Dario Franchitti could not split the importance of his three Indy 500 victories, but there was no doubt that today's was the most emotional.
Sure, he had gone one step closer to being regarded as one of the all time greats with a third race win and he did it by coming from the back of the field after an opening pit stop incident which damaged his front wing.
He also survived a last-lap pass for the lead from Japanese driver Takuma Sato who spun into the fence and brought out a yellow which would see Franchitti cruise to the line ahead of his team-mate Scott Dixon and good make Tony Kanaan under caution.
There was also the drama of starting the race back in 16th place after a disastrous qualifying result, which had the team working day and night to find answers.
But the day was all about Dan Wheldon – the Englishman who won his second Indy 500 last year in a low-budgeted one-off-race team before being killed in the final race of the season at Las Vegas in October.
Wheldon was a close friend of all three place finishes – ironically the victory came in the totally new Dallara chassis which carries the name of Wheldon (chassis DW001) who completed the majority of the development testing on the car because he did not have a full-time ride last year.
The promoters of the event provided all 300,000 fans with a pair of signature white Wheldon sunglasses, which they wore on laps 26 and 98 of the race (the two car numbers he carried in his two race wins).
His wife Susie collected the winner's ring this week in a special ceremony and there was a pre-race video tribute on the track's big screens.
Franchitti took Susie in the pace car on his celebratory parade lap.
Franchitti took a deep breath as he talked about why he remained in the sport after the death of Wheldon at Las Vegas last October.
“Racing is emotional,” Franchitti told Speedcafe.com
“Vegas was the lowest of the lows, and the reason I got back into the car was for the feeling I have today.
“The reason the mechanics are back in pit lane and the fans are back in the stands is because of days like today.
“There is no feeling like standing in victory lane at Indianapolis – nothing.”
Franchitti said he had a feeling that Wheldon was looking down on the three front runners towards the end of the race.

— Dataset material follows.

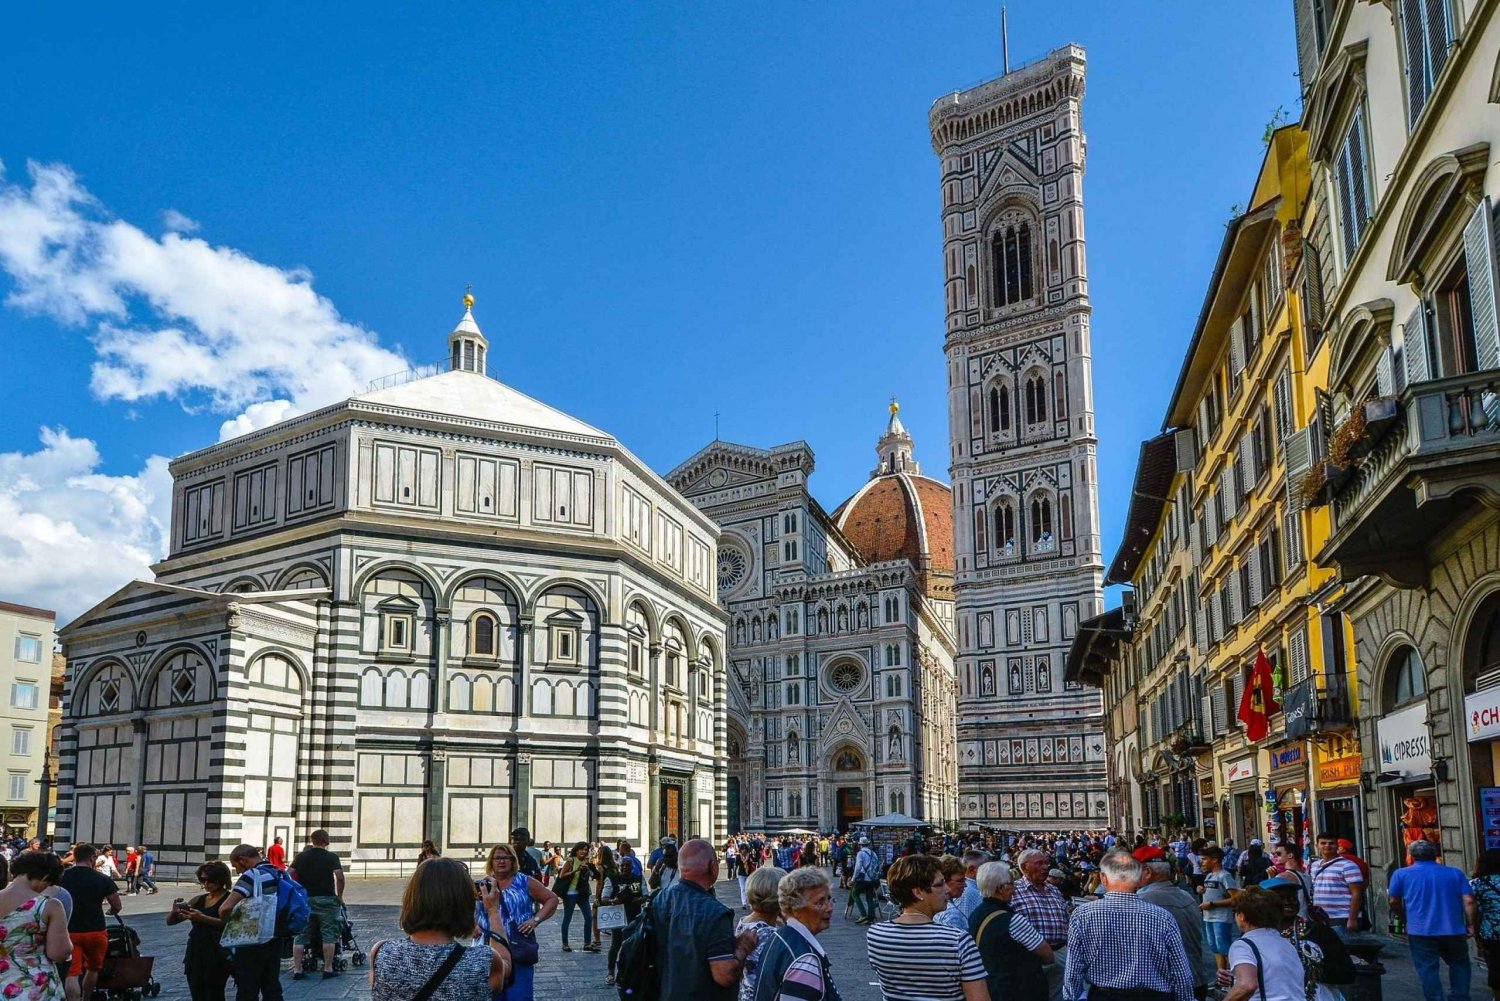 Florencja: Duomo i kopuła Brunelleschiego - mała wycieczka grupowa

“It was just like old times with me, TK (Kanaan) and Dixie (Dixon) racing hard at the front,” continued Franchitti.
“I had this feeling that Dan was looking down on us laughing his arse off.”
Franchitti said that Susie had come over to congratulate him and he thought it would be “nice” to have her ride with him in the celebration lap.
“My greatest memory of Dan last year was him in the celebration lap with his family,” said Franchitti.
“I stood in pit lane and was going to crash tackle him as he went past, but then I looked at his face and he was just sobbing – it meant so much to him.
“Susie is a much stronger person than I will ever be and it was nice to have her in the car with us.”
Franchitti now faces a full week of media commitments, which starts in the morning with a photo session at the track before tomorrow night's traditional banquet downtown.
He then jets off to New York for the Letterman Show and then to Dallas for promotional appearances.